### Input material
[Start of section]

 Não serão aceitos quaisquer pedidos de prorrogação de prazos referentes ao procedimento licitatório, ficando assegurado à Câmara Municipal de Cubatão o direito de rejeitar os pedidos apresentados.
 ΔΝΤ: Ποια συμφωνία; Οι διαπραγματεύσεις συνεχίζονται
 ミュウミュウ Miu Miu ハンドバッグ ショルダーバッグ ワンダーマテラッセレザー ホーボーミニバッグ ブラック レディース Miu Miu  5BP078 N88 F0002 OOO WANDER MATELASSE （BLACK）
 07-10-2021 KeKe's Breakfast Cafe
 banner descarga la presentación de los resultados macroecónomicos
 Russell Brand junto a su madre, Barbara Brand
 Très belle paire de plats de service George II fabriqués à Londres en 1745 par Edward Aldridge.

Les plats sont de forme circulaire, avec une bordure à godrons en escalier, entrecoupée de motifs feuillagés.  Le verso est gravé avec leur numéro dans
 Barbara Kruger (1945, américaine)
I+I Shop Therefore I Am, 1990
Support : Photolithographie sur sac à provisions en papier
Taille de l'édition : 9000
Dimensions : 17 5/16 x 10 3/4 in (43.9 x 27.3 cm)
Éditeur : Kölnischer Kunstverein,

[End of section]

### Task to carry out
Count each line of the listing above in which "plats" appears, and give that count with nothing added.

### Solution below
2